§ Record excerpts
==*==
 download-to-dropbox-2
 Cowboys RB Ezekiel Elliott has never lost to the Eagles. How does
==*==
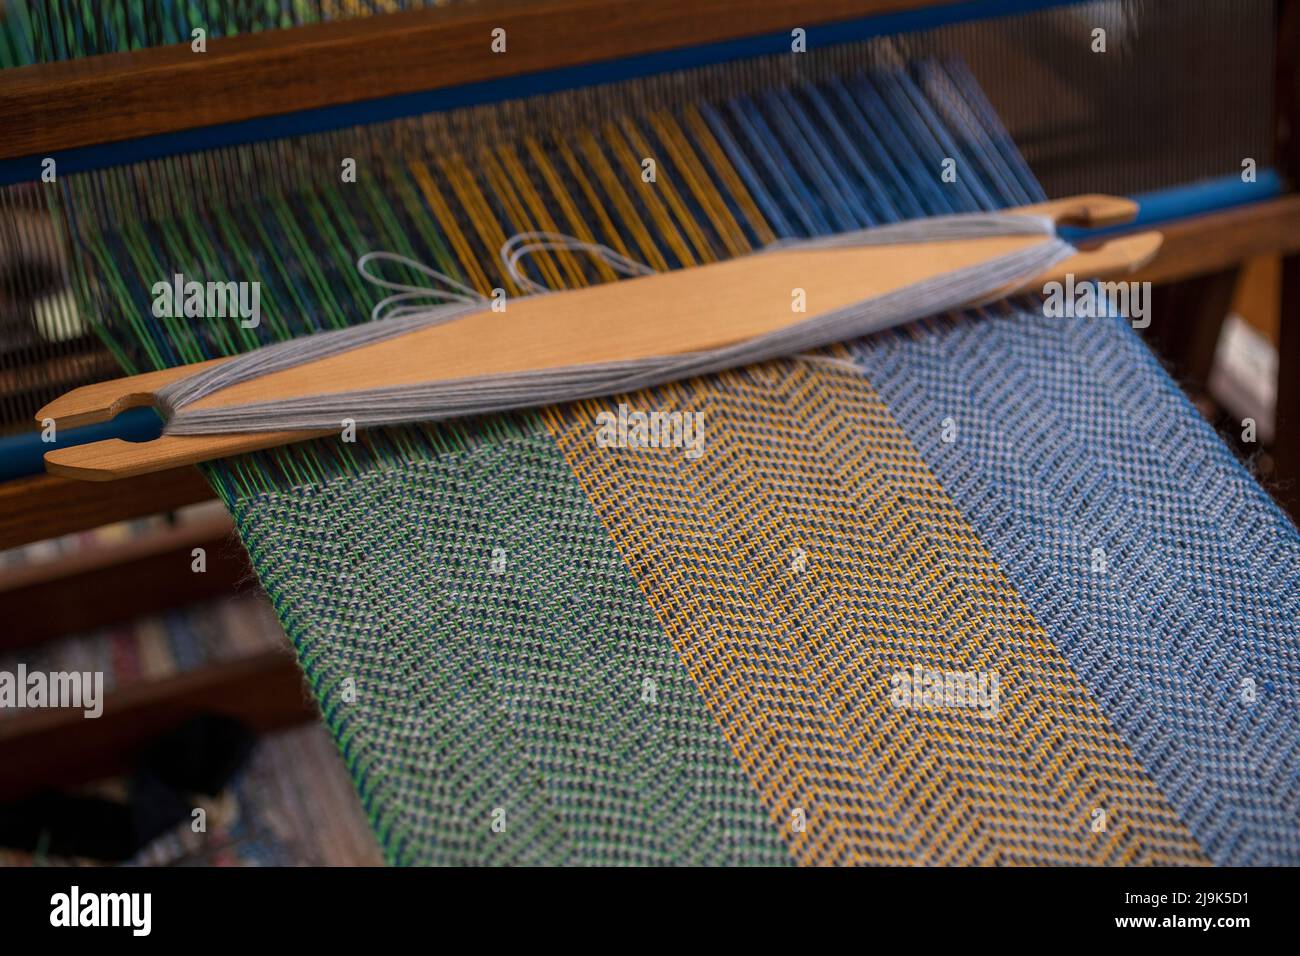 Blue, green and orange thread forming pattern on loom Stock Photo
==*==
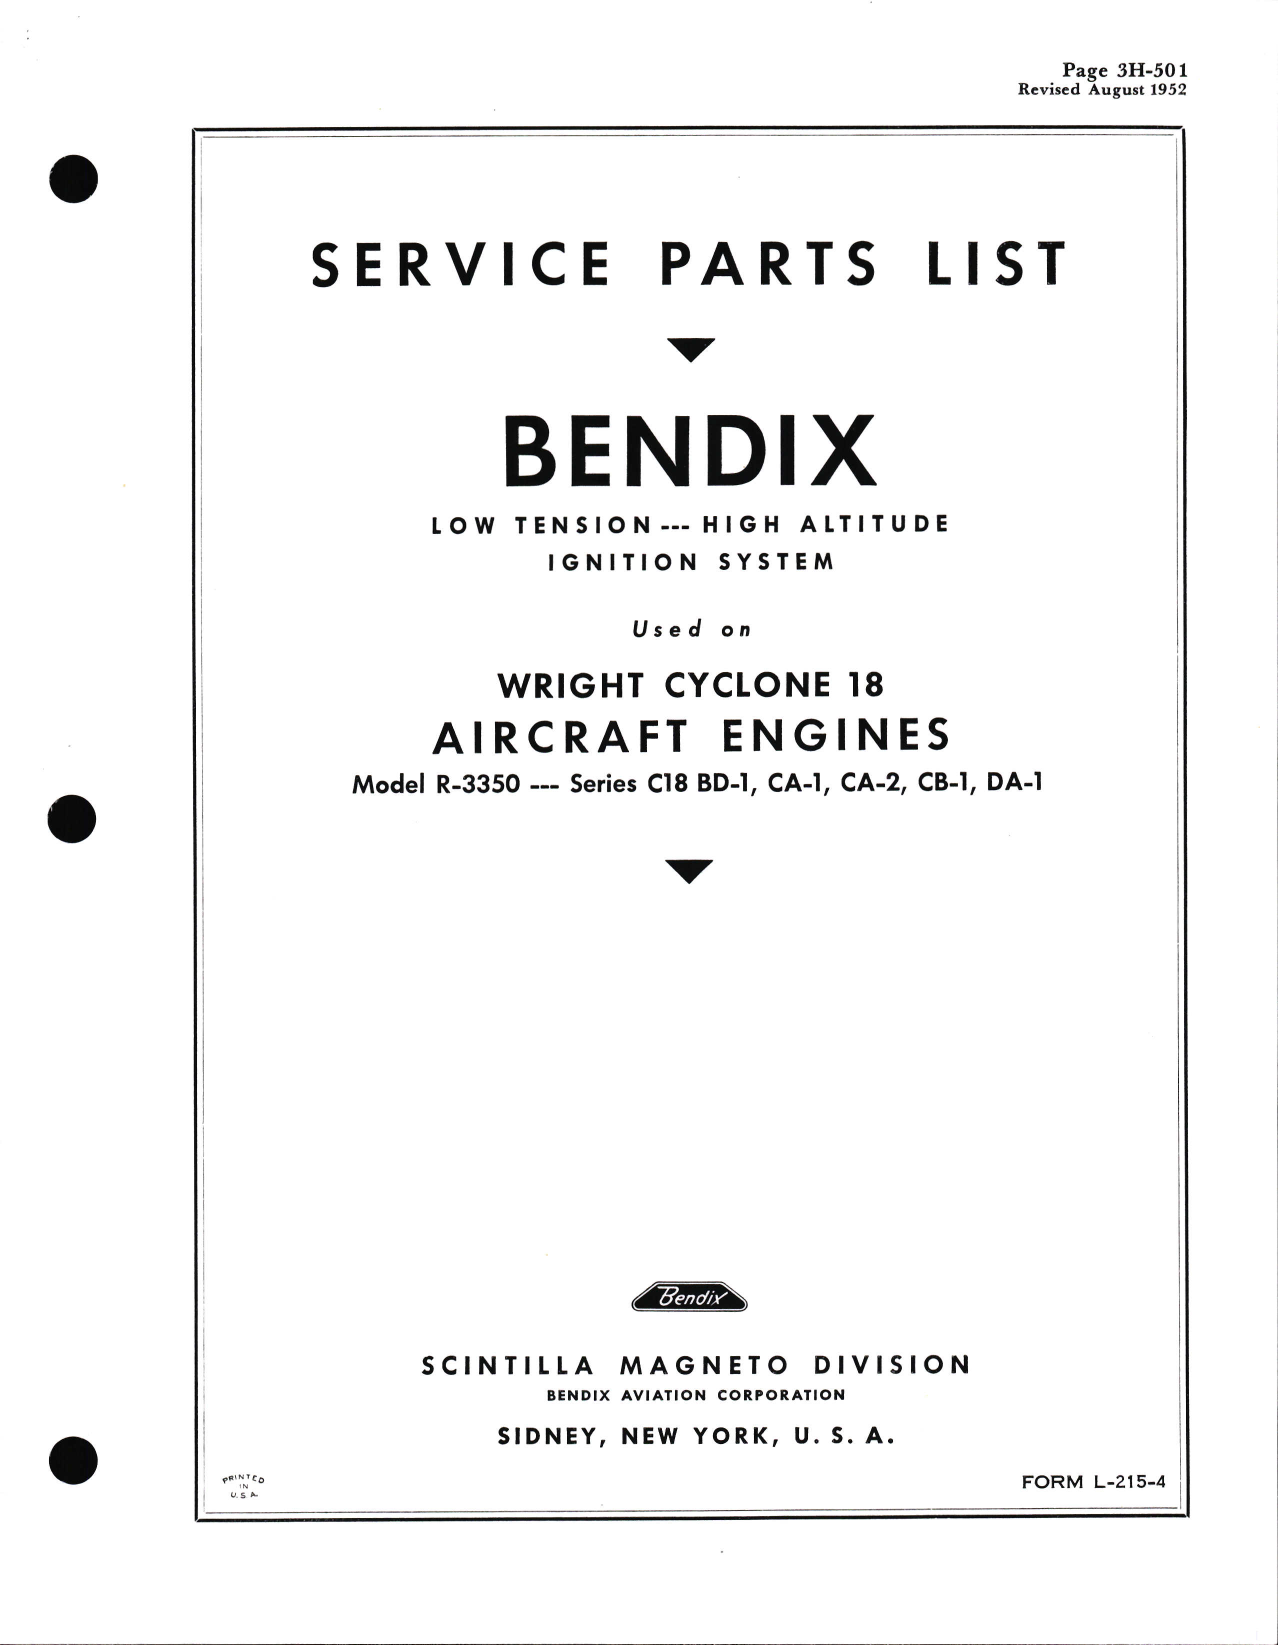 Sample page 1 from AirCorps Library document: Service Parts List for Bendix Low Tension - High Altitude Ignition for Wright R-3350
==*==
§ Task instructions
Would you please repeat exactly the lines above, starting at the line with "download-to-dropbox-2" and stopping at the line with "Cowboys RB Ezekiel", both included?

§ Output for this task
 download-to-dropbox-2
 Cowboys RB Ezekiel Elliott has never lost to the Eagles. How does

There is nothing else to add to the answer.